Je reviens ensuite à la CSP. La France a proposé trois projets en juillet dernier concernant les capacités de combat collaboratif, les capacités de surveillance et d'interception de menaces balistiques, et les matériaux et composants critiques. La troisième vague est en préparation. Le verdict doit tomber en novembre 2019. Les camouflages dont vous avez parlé, Monsieur le député Lainé, sont bien prévus d'être considérées dans l'intégration du programme Scorpion, dans la mesure où ces innovations, que vous avez pu voir au cours de l'AdT Show, sont matures et industrialisables. Et vous avez raison de souligner l'importance des camouflages sur le plan opérationnel. Pour les véhicules actuellement en service, des programmes d'amélioration continue sont en oeuvre. Ils se feront toutefois au fur et à mesure des capacités techniques et des priorités budgétaires établies avec l'Armée de terre. J'en viens à présent aux questions de M. le député Chassaigne sur la souveraineté.

Pour ce qui concerne les moyens dont la DGA doit disposer, sa trajectoire en matière d'effectifs correspond strictement au redressement de la courbe acté dans la LPM. Ceci se déroule sans difficulté particulière. Grâce au fonds Def'Invest, nous investissons effectivement avec Bpifrance dans les PME et les start-ups dont nous estimons qu'elles représentent une pépite technologique qu'il convient de consolider, et parfois aussi pour éviter une éventuelle captation par un industriel étranger.

Le fonds Definvest est doté de 50 millions depuis 2017. À ce jour, nous avons investi six tickets d'investissement « entreprises ». Ces investissements sont décidés en commun entre Bpifrance, gestionnaire de l'investissement public, et la DGA, chargée d'évaluer l'intérêt technique de l'opération. Ces six tickets investis en dix-huit mois me semblent constituer un bon résultat qui montre que ce système est efficace. Il l'est d'autant plus qu'il couvre des domaines très variés, allant du nanosatellite avec la start-up bretonne Unseenlabs à la photonique avec l'entreprise de deep-tech rennaise Cailabs, en passant par des dispositifs optiques. Tout ceci fonctionne très bien. Ce que nous avons fait jusqu'à présent donne satisfaction aux industriels concernés.

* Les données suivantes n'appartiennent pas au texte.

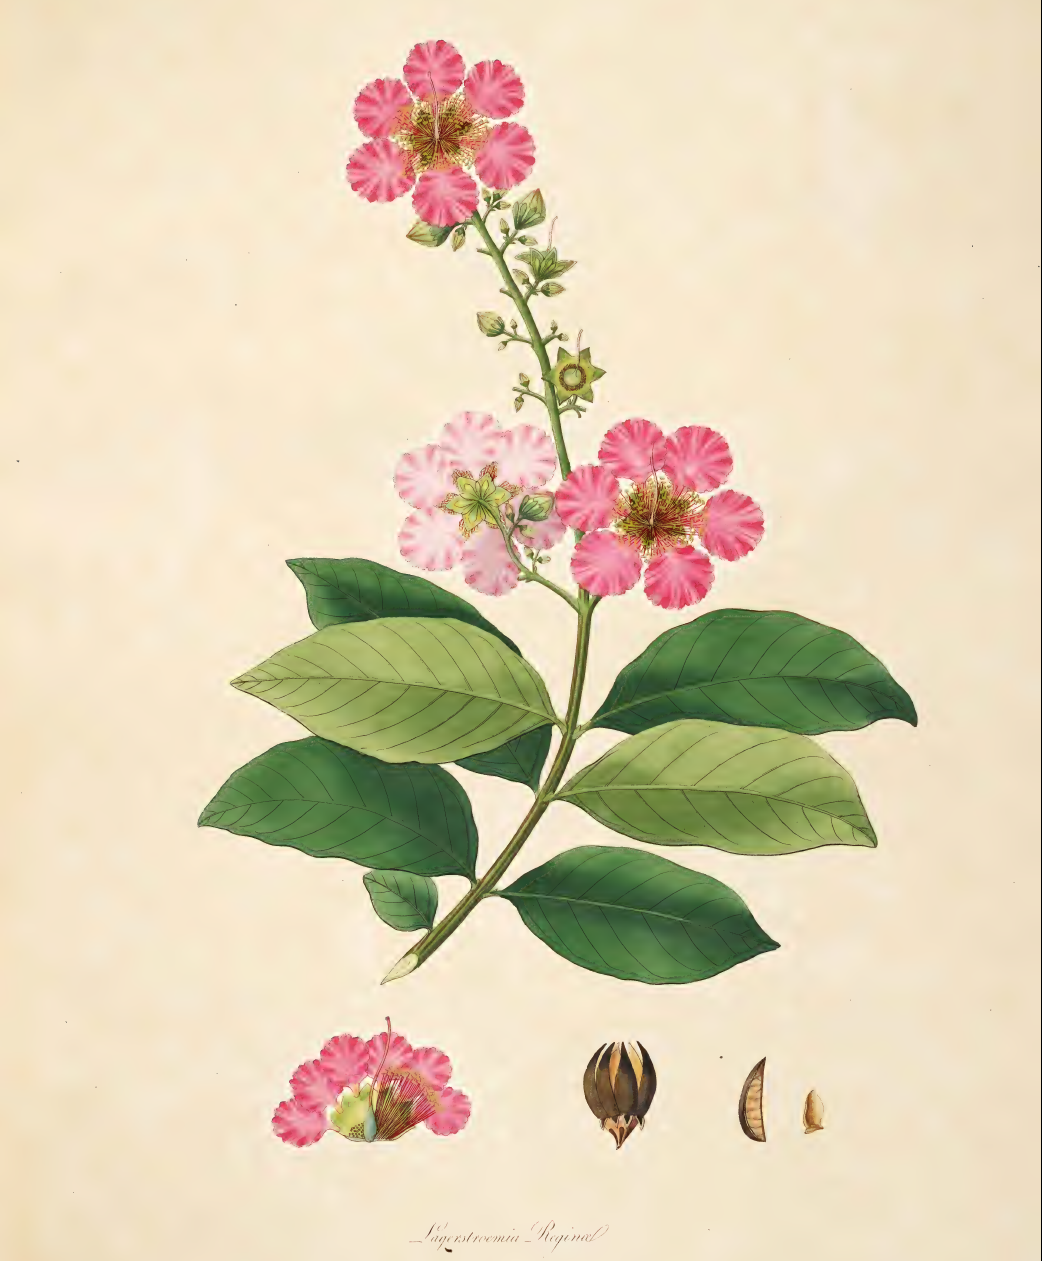 A 19th century technical illustration of a plant with almond-shaped green leaves and six-lobed pink flowers. There are inset drawing detailing the flower and seeds. The plant's name, 'Lagerstroemia speciosa' is written in thin script at the bottom.

Vous avez posé aussi une question sur la propriété capitalistique des sociétés. À titre personnel, je ne vois pas de difficulté avec les sociétés avec lesquelles nous travaillons, quelle que soit la propriété de leur capital, d'autant que l'État est présent d'une manière ou d'une autre dans les entreprises comme Thales, Dassault ou Naval Group. Cette présence se matérialise soit directement au capital, soit par le biais d'une convention particulière dont ces entreprises font l'objet. Nous avons donc les moyens de tenir notre rôle et de veiller à ce que ces entreprises n'aillent pas à l'encontre des intérêts publics que nous représentons. Pour ma part, je pense qu'il n'y a aucune inquiétude à avoir. Par ailleurs, nous disposons de l'autonomie opérationnelle que vous mentionniez. Je me permets de m'inscrire en faux contre vos propos, Monsieur le député. Nous ne sommes pas du tout dépendants de l'OTAN au point où vous l'avez souligné.